Dass dem so ist, zeigt ein allseits bekannter Rat in Beipackzetteln: Nach der Einnahme von Antibiotika oder Schmerzmitteln sollte man auf Alkohol verzichten. «Ethanol ist ein gut untersuchtes Zellgift, das die Wirkstoffwirkung verändern kann», so Warth. Ein weiteres prominentes Umweltgift, das praktisch jeder Mensch – in sehr geringen und normalerweise nicht besorgniserregenden Konzentrationen – im eigenen Körper hat, ist Bisphenol A (BPA). Es hat sich gezeigt, dass die vor allem in der Kunststoffproduktion verwendete Chemikalie mit verschiedenen Anti-Krebs-Therapeutika wechselwirkt und darüber zu Medikamentenresistenz und reduzierter Wirksamkeit führen kann. Genistein, ein aus der Sojabohne stammendes Pflanzenöstrogen und prominenter Wirkstoff in Hormonmitteln gegen Beschwerden in den Wechseljahren, kann ebenfalls verschiedene Wirkstoffe, insbesondere hormonrelevante Chemotherapeutika bei Brustkrebs, beeinträchtigen, wie die Forscher in ihrem Artikel ausführen. In manchen Fällen sind die Effekte negativer, in anderen Fällen durchwegs positiver Natur. «Unter den Zehntausenden bis Hunderttausenden Molekülen, denen der Mensch ausgesetzt ist, könnten unzählige mit Medikamenten interagieren, vor allem unter bestimmten Umständen oder in kritischen Lebensphasen wie die Schwangerschaft oder Pubertät», sagt Doktorand Manuel Pristner. «Die heutige hochauflösende Massenspektrometrie ermöglicht es uns, eine sehr grosse Zahl von Molekülen parallel zu messen. So können wir das Beziehungsgeflecht zwischen dem sogenannten Exposom, der Gesamtheit aller messbaren Umwelteinflüsse, und bestimmten Wirkstoffen künftig systematisch untersuchen», so Warth. Es gibt auch immer bessere bioinformatische Algorithmen, um die generierten grossen Datensätze auszuwerten. Suchte die Forschung bisher sehr zielgerichtet nach der Wirkung eines bestimmten Moleküls auf etwa einen bestimmten Rezeptor und damit auf einen Wirkstoff, «können wir mit der heutigen Technologie nicht nur eine Angel, sondern ein Netz auswerfen und erstmals ein gross angelegtes Screening durchführen. Dadurch können wir auch Entdeckungen machen, an die wir durch rationale Hypothesen zuvor nicht gedacht hätten», so die Forscher.

Personalisierte Medizin

Warum gewisse Wirkstoffe bei einem Menschen gut wirken und bei einem anderen Menschen weniger bis gar nicht,

Medikamente in unterschiedlichen Farben und Formen.

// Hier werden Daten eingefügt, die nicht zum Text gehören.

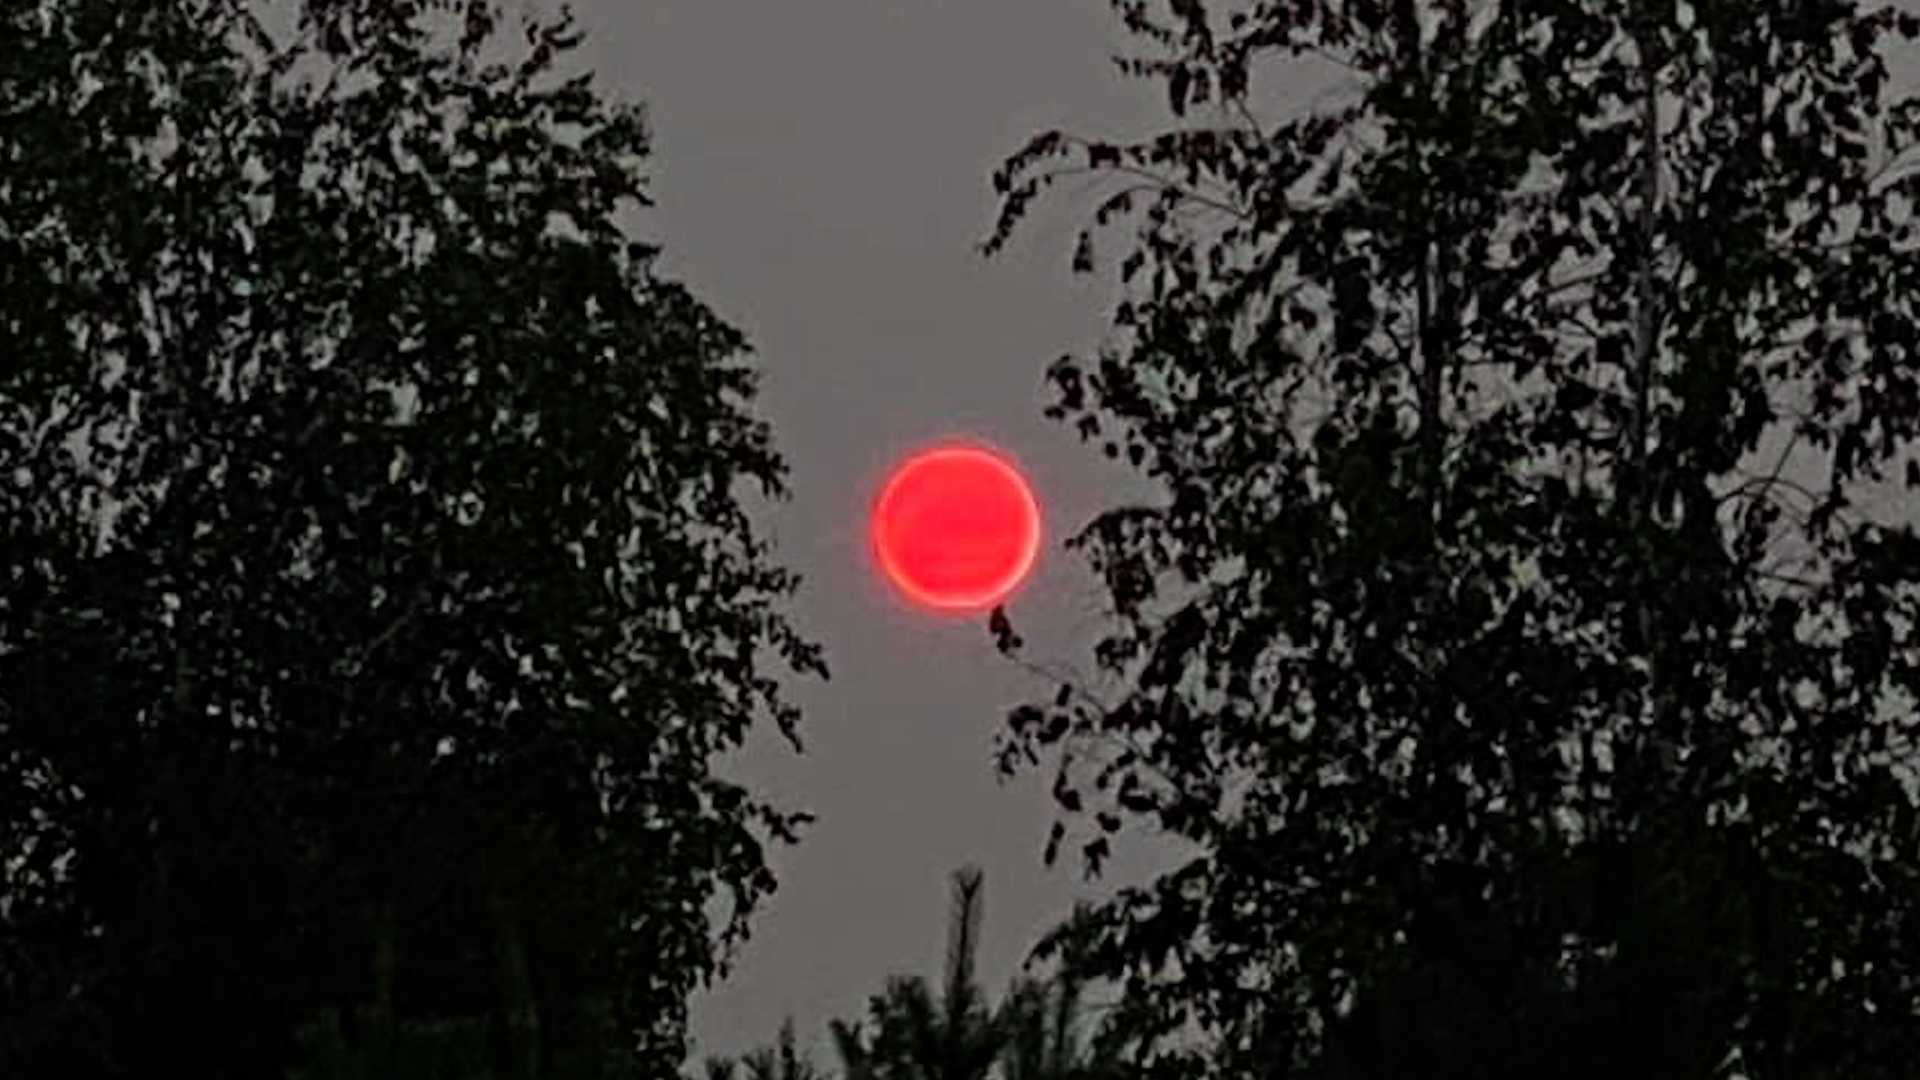 Sun appears bright orangered due to hazy conditions caused by smoke from the western wildfires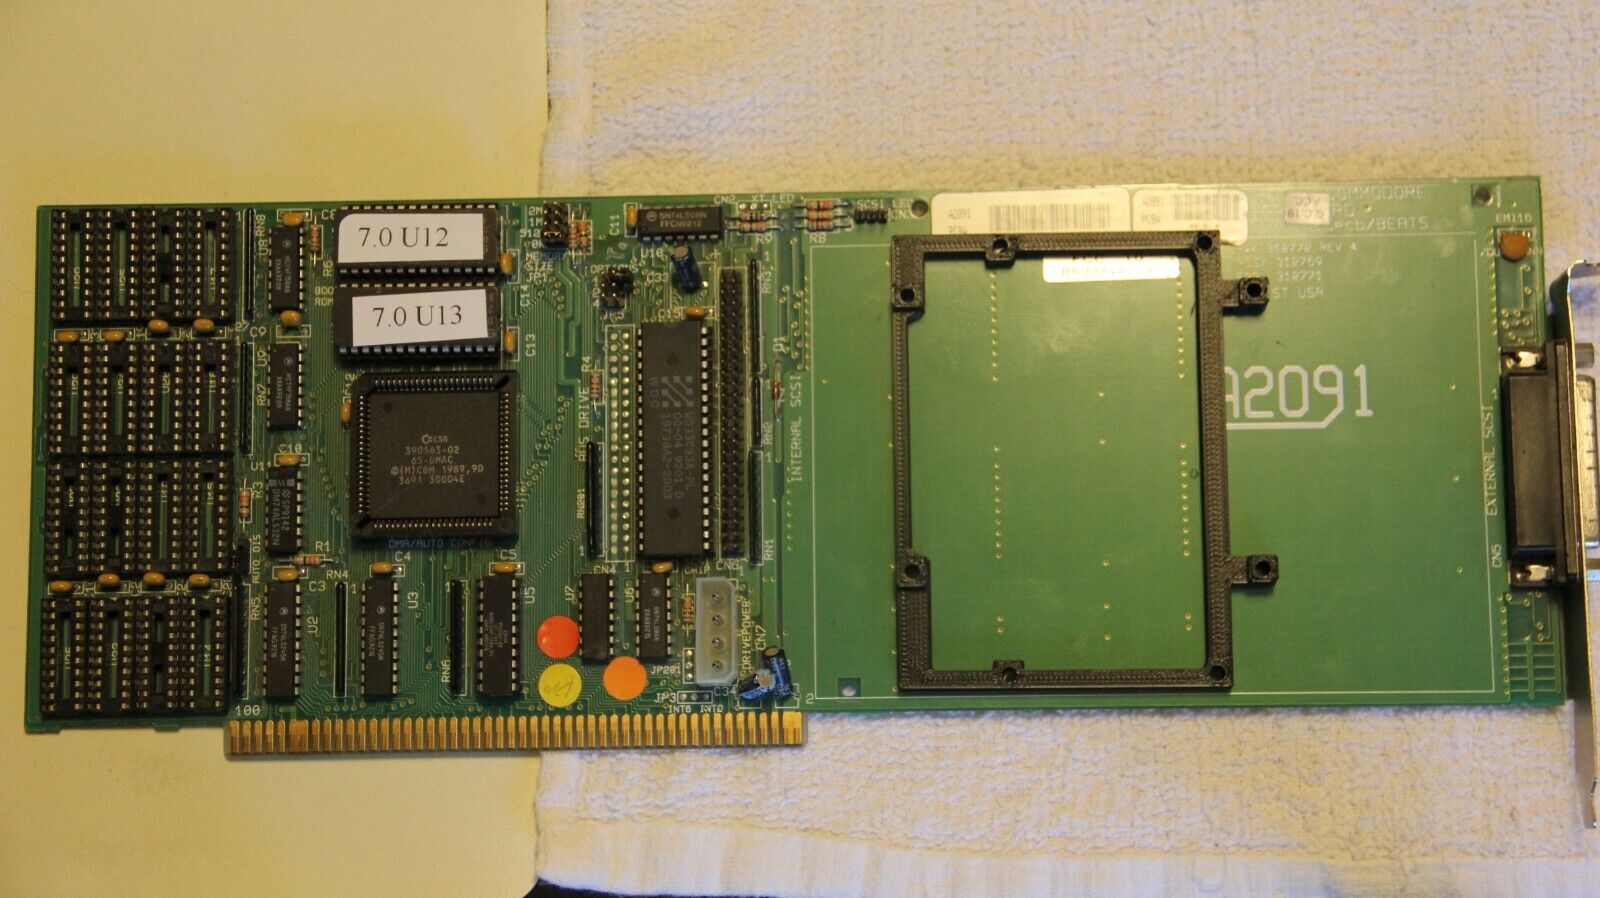 SCSI2SD Mount for chassis, hard cards Amiga A2091,Macintosh etc

kann verschiedene Gründe haben – vom Erbgut, der Ausstattung mit bestimmten Rezeptoren bis hin zur Aktivität bestimmter Enzyme oder einfach chemischer Reaktivität. Das Zusammenwirken von Exposom und Medikamenten umfassender zu verstehen könnte helfen, Medikamente und ihre Dosis individuell abzustimmen, so dass sie besser und mit möglichst wenig bis gar keinen Nebenwirkungen wirken. Bei einer Person über ein standardisiertes Vorabscreening ihres Exposoms auf die passende Medikation schliessen zu können, sei zwar «noch Zukunftsmusik», sagt Warth, «aber der systematische Ansatz könnte bahnbrechend sein und auch schon die Wirkstoffentwicklung unterstützen.»